Lectura del libro de Jeremías 28, 1-17

Al principio del reinado de Sedecías en Judá, el mes quinto, Ananías, hijo de Azur, profeta natural de Gabaón, me dijo en el templo, en presencia de los sacerdotes y de toda la gente:

—«Así dice el Señor de los ejércitos, Dios de Israel: «Rompo el yugo del rey de Babilonia. Antes de dos años devolveré a este lugar todo el ajuar del templo que Nabucodonosor, rey de Babilonia, cogió y se llevó a Babilonia. A Jeconías, hijo de Joaquín, rey de Judá, y a todos los judíos desterrados en Babilonia yo los haré volver a este lugar —oráculo del Señor—, porque romperé el yugo del rey de Babilonia»».
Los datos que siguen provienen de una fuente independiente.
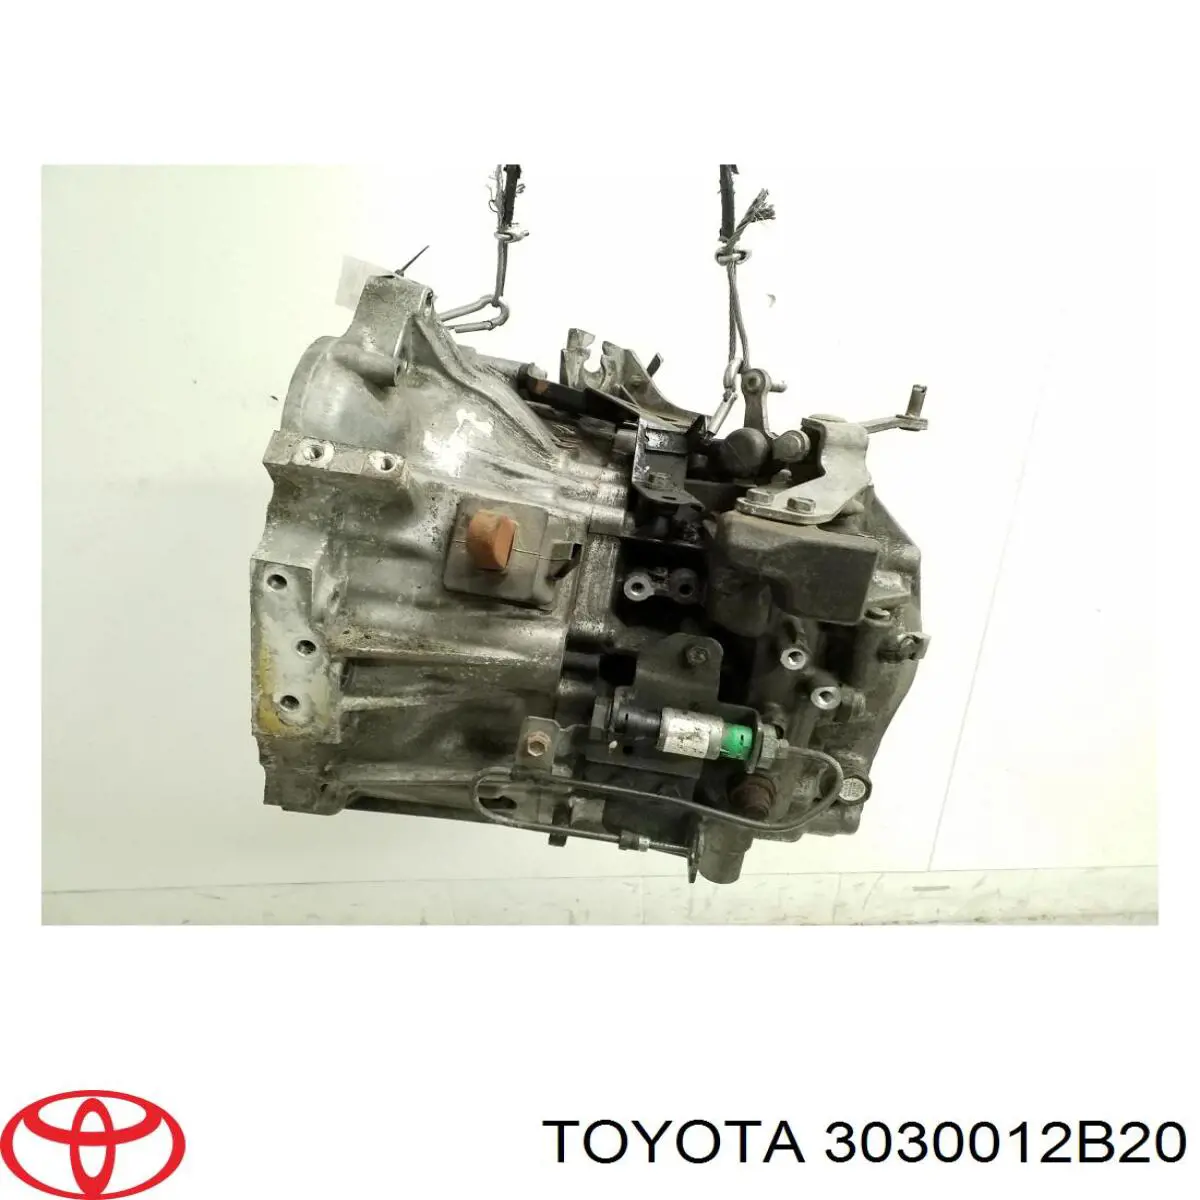 Caja de cambios mecánica, completa Toyota 3030012B20

El profeta Jeremías respondió al profeta Ananías, en presencia de los sacerdotes y del pueblo que estaba en el templo; el profeta Jeremías dijo:

—«Amén, así lo haga el Señor. Que el Señor cumpla tu profecía, trayendo de Babilonia a este lugar todo el ajuar del templo y a todos los desterrados. Pero escucha lo que yo te digo a ti y a todo el pueblo: «Los profetas que nos precedieron, a ti y a mí, desde tiempo inmemorial, profetizaron guerras, calamidades y epidemias a muchos países y a reinos dilatados. Cuando un profeta predecía prosperidad, sólo al cumplirse su profecía era reconocido como profeta enviado realmente por el Señor»».

Entonces Ananías le quitó el yugo del cuello al profeta Jeremías y lo rompió, diciendo en presencia de todo el pueblo:

—«Así dice el Señor: «Así es como romperé el yugo del rey de Babilonia, que llevan al cuello tantas naciones, antes de dos años»».

El profeta Jeremías se marchó por su camino.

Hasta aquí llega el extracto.